Perri Dash, Super Niche Founder & Everette Taylor, CEO of Kickstarter in a conversation in a art gallery

Kickstarter’s CEO Doesn’t Do Performative Taste

Late one Friday morning in January, I spent a few hours gallery hopping with Everette Taylor, starting at Jack Shainman Gallery to see the Faith Ringgold exhibition and talk through his relationship to collecting.

Everette, the CEO of Kickstarter, carries a title with real gravity. Leading a platform built on backing ideas before they’re proven comes with its own weight. 

What struck me most, though, wasn’t the authority of the role but how intact he felt within it. There was an immediate sense of kinship, cultural and generational, rooted in a shared understanding of where we come from and how that informs what we value.
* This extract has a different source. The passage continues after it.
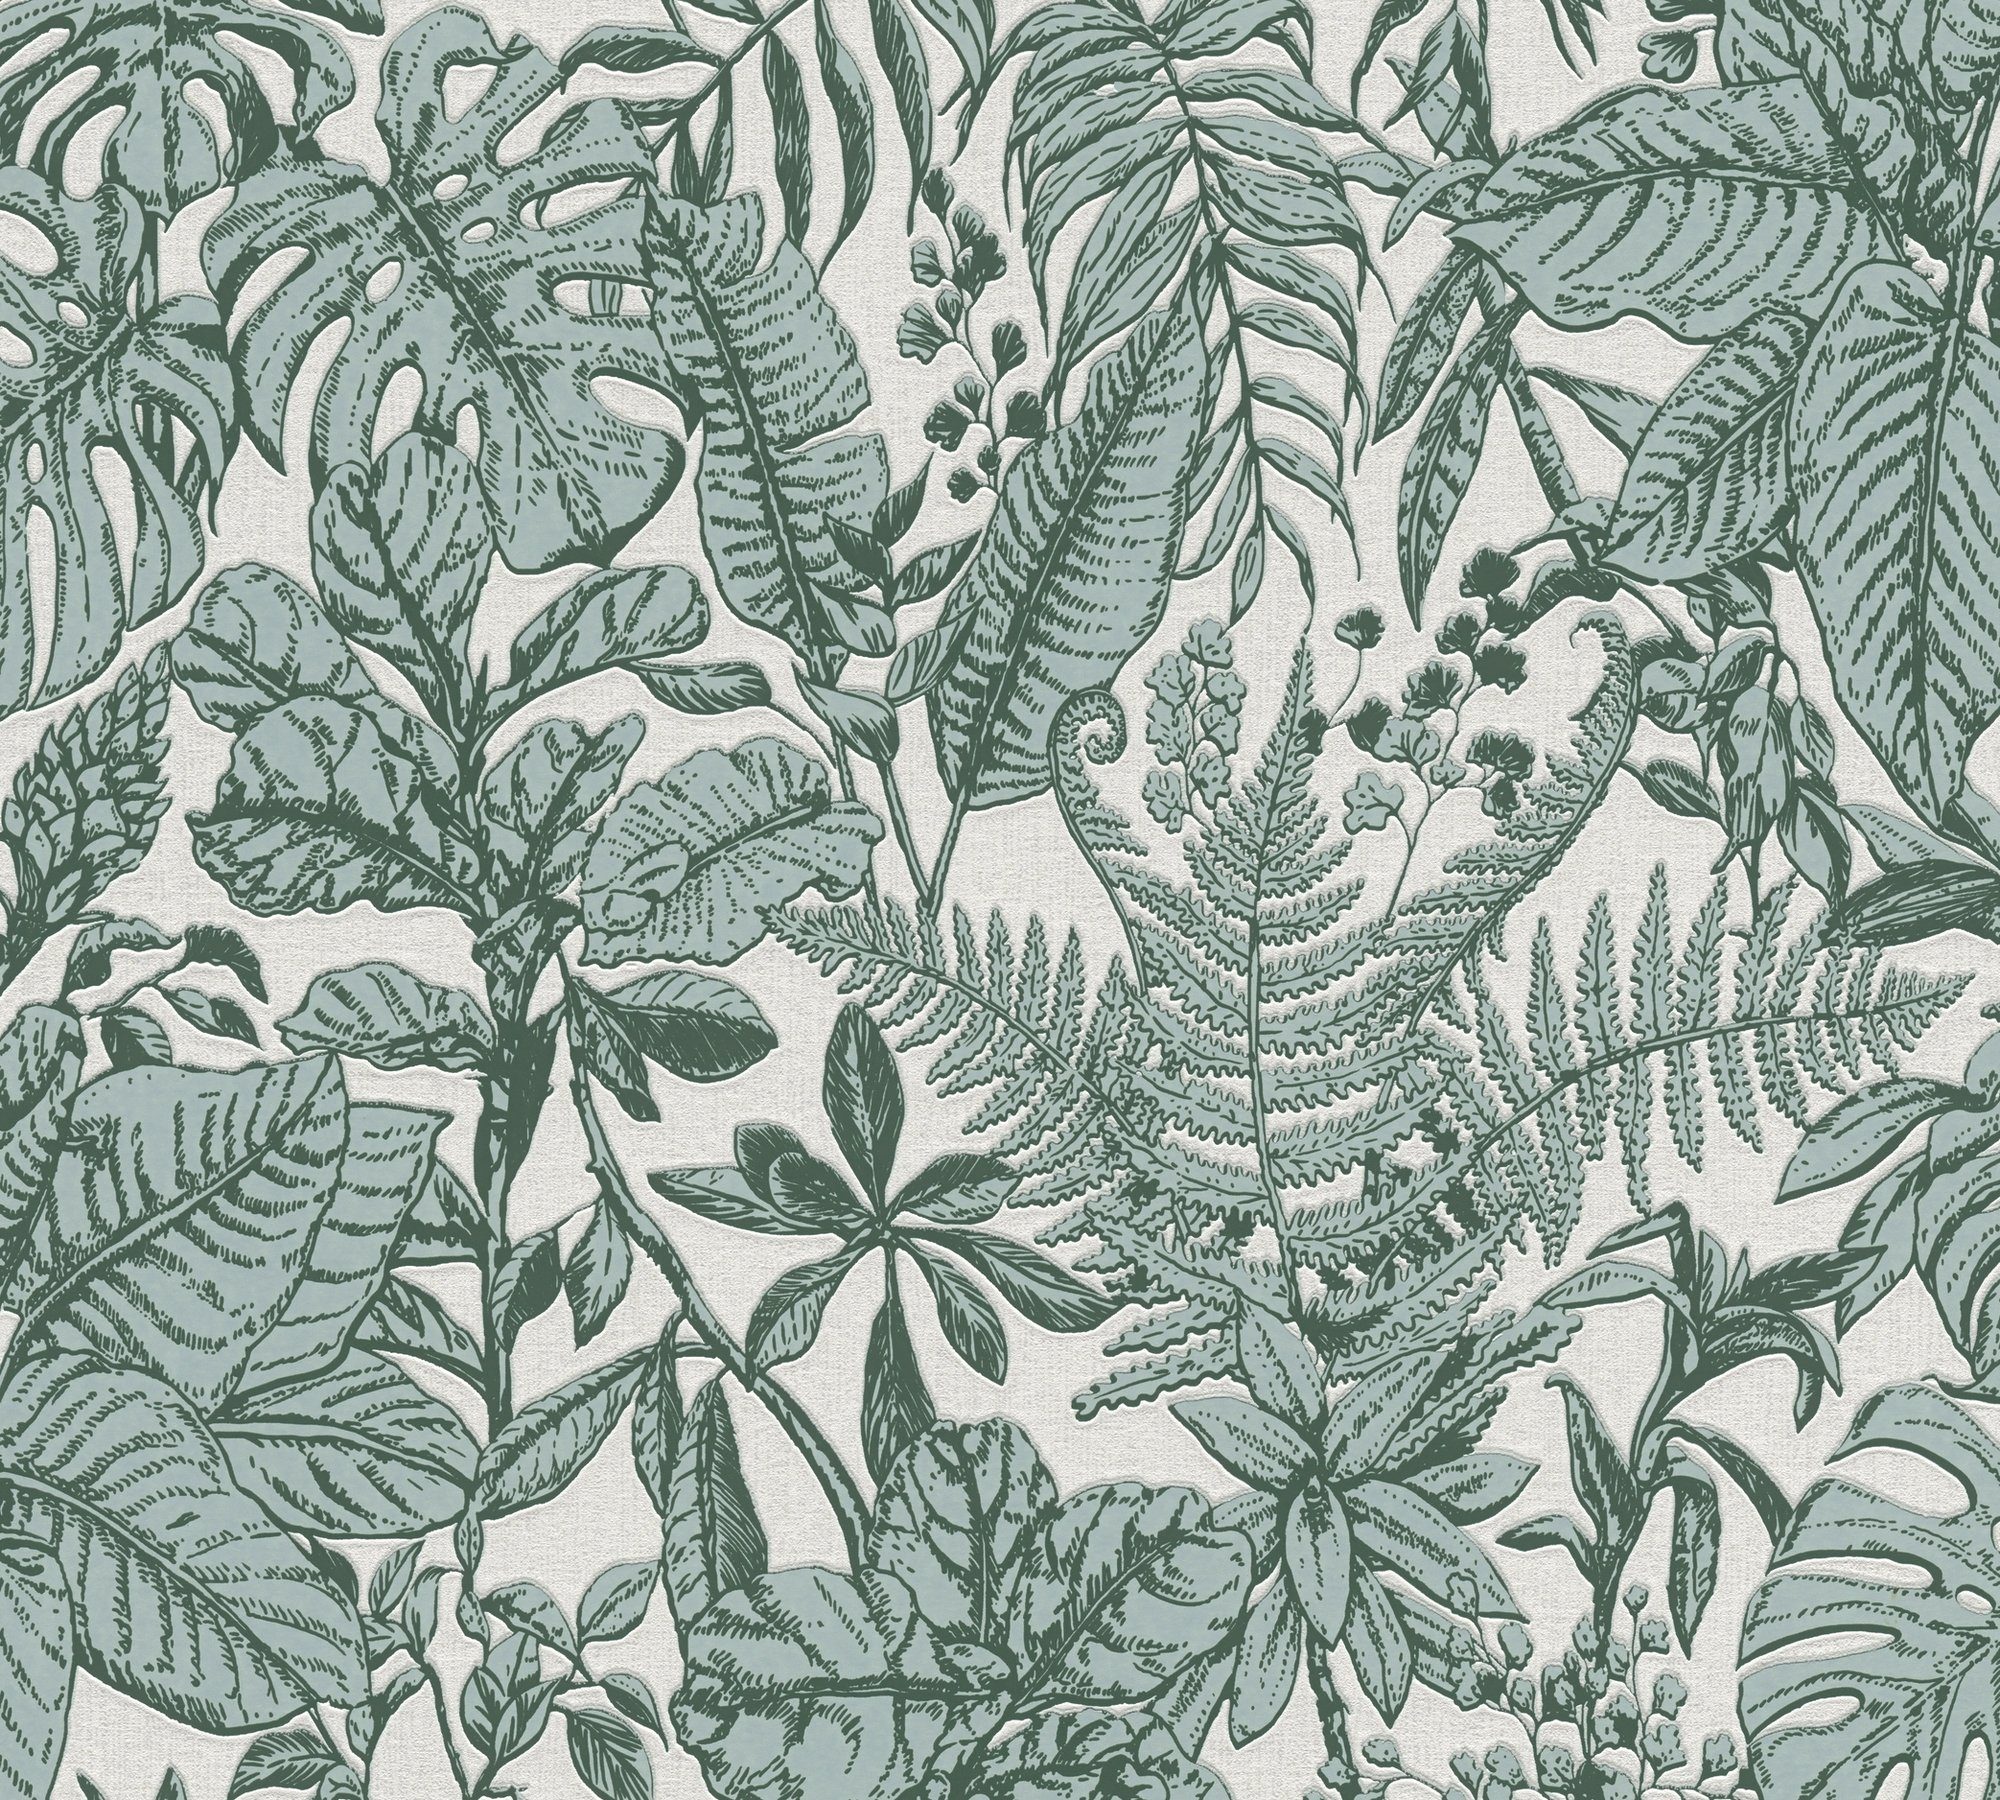 Dschungel Tapete Vliestapete tropisch, botanisch, Dschungel, weiß/grau/tannengrün Daniel Designertapete Hechter

Everette is kind and thoughtful, but he’s also unapologetically proud of what he’s built. His accomplishments aren’t softened or downplayed. 
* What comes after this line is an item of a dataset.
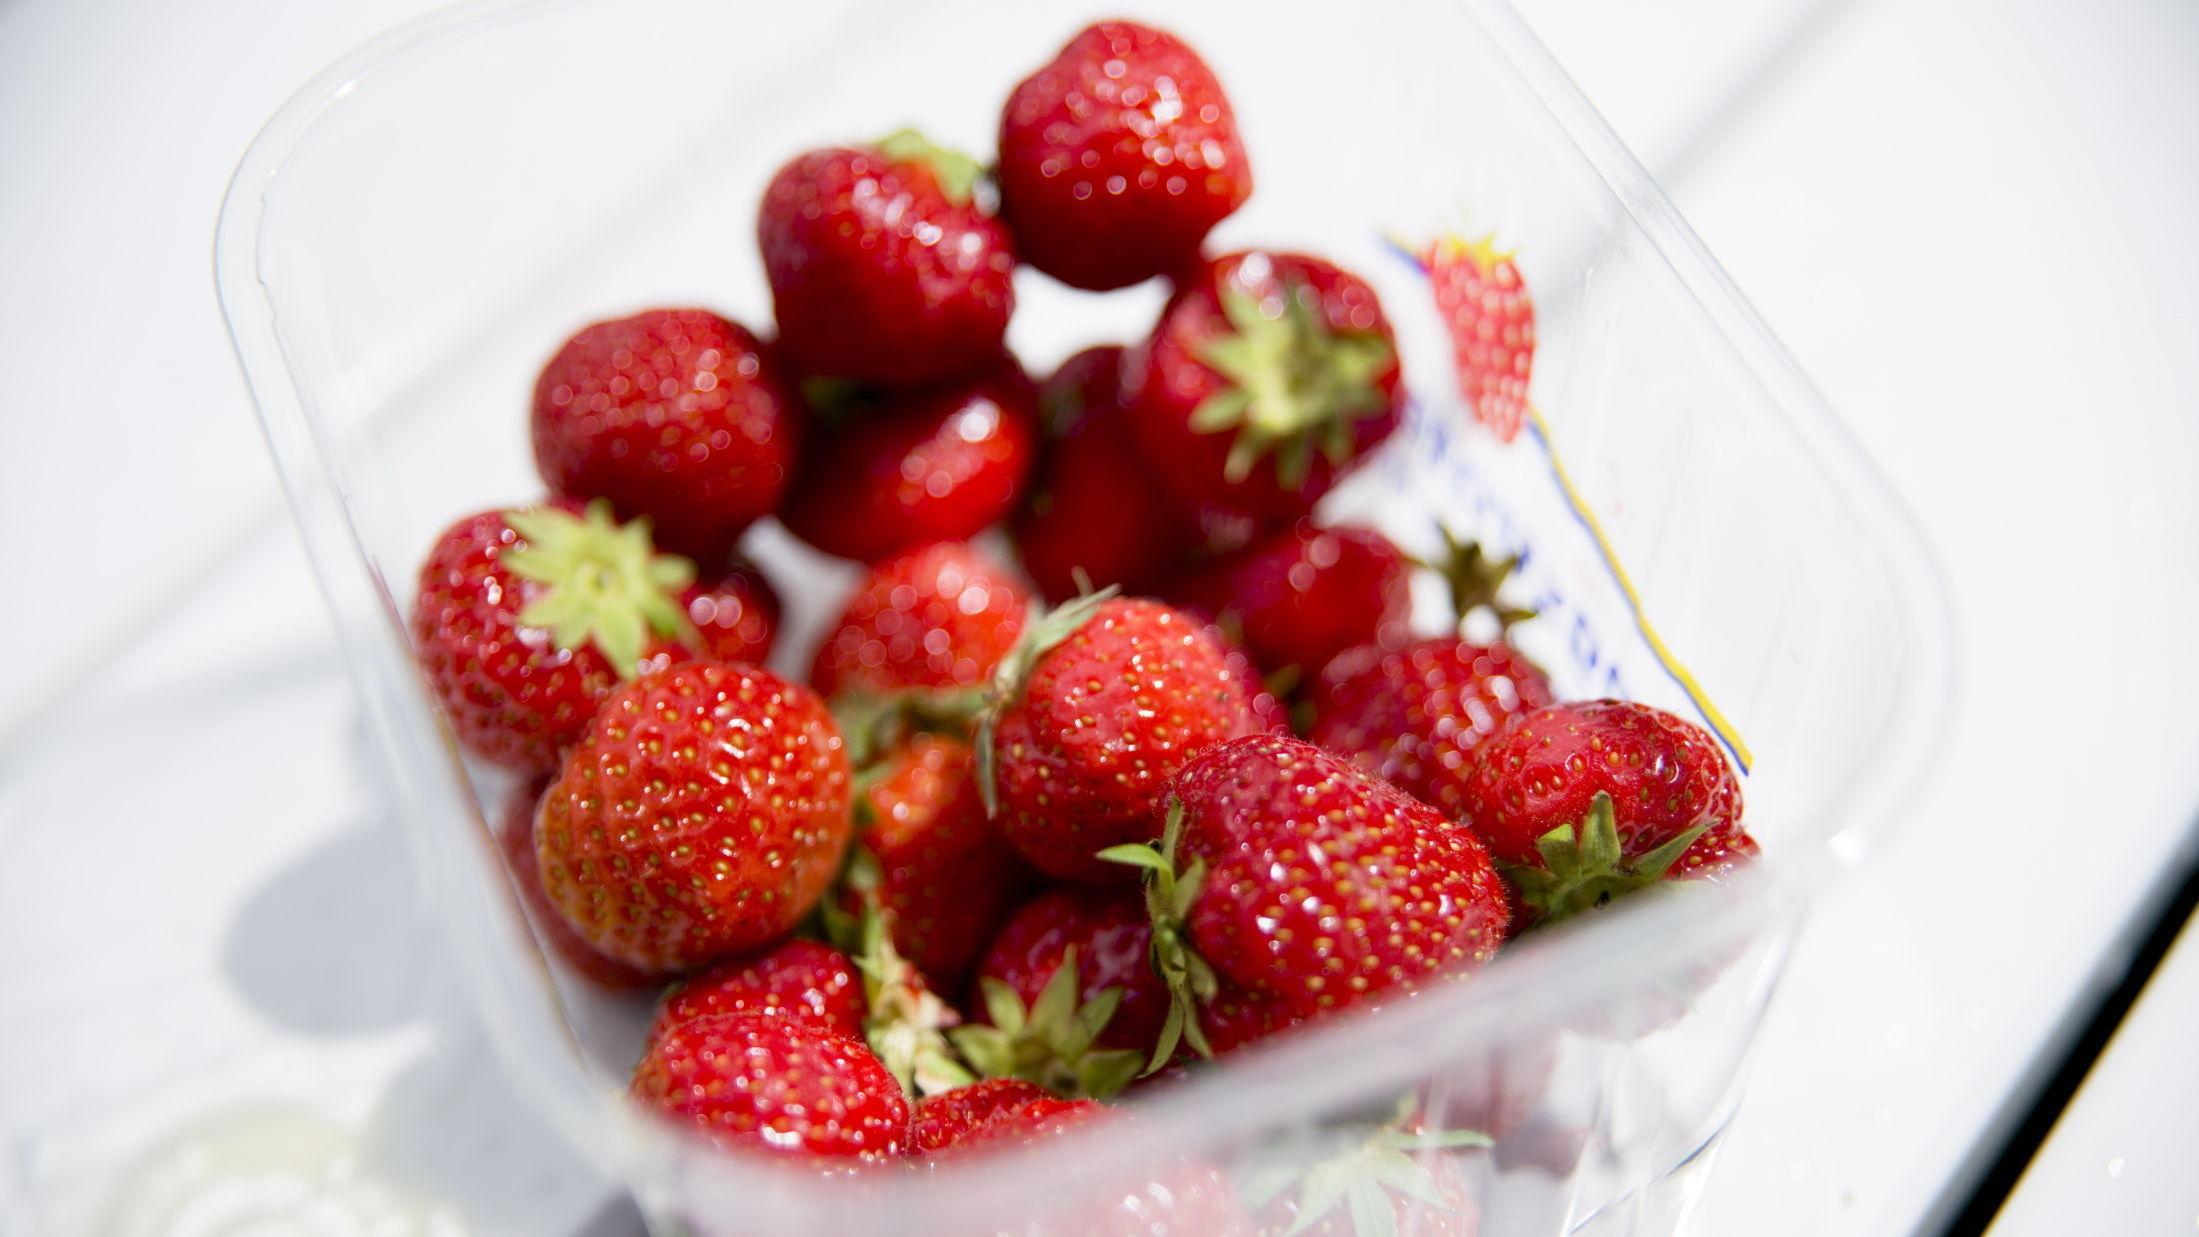 POPULÆRT: Tidlig jordbærsesong fører til at flere produsenter nå er tomme for bær. Foto: Robert S. Eik/VG

They’re carried as earned markers of success. The grounding I noticed wasn’t humility in the traditional sense but alignment, a commitment to stay close to the people, references, and environments that shaped him.
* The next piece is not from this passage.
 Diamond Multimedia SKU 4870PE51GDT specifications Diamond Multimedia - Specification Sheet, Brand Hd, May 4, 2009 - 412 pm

That alignment shows up clearly in how he collects. Everette gravitates toward what resonates rather than what signals. His taste feels tuned, not trendy, refined over time but still tethered to its origins. It evolves and sharpens, but the breadcrumbs remain. 

There’s continuity in the choices, the way a contemporary song might carry a sample from a track you haven’t heard in decades.

Standing among Ringgold’s quilts and tapestries, the idea of discernment came into focus. Her work carries history through material, ancestors rendered in fabric, narratives sewn rather than spoken. Quilting, once dismissed as craft, functioned as coded language, with patterns guiding those fleeing bondage toward freedom when time was of the essence. 

Ringgold’s mastery across painting, sculpture, and textile made me think about how long it takes to develop a language so precise it can be understood instantly. How much repetition and lived experience are required before taste becomes instinct

In Everette’s view, experience cultivates taste. Speed is usually treated as the enemy of discernment, but here it felt more like its proving ground.

Knowing something immediately is only possible after years of looking, learning, and refining, especially when the subject is as personal as what genuinely moves you.

We later headed to Craig Starr Gallery to see works by Stanley Whitney and Henri Matisse. Riding together in the back of an Uber, we talked mostly about film. Then Everette paused and asked a question.

“What is your relationship to wealth? Whatever comes to mind.”

It was disarming, not because it demanded an immediate answer, but because it revealed how rarely wealth is discussed outside of accumulation or outcome. In the context of the day, the question felt connected to everything we had seen and talked about. 

Collecting, like backing ideas, is an exercise in judgment. It reflects what you’re willing to stand behind without guarantees, what you return to over time, and what you’re prepared to live with once the noise fades.

What I took away from my time with Everette is that taste isn’t performative. It’s cumulative, shaped by repetition, restraint, and memory. It’s less about how quickly you move and more about whether you’re moving in alignment. 

And wealth, viewed through that lens, becomes less about what you acquire and more about what you choose to sustain. The people, the ideas, the culture you keep close. Those are the real holdings. Everything else is just inventory.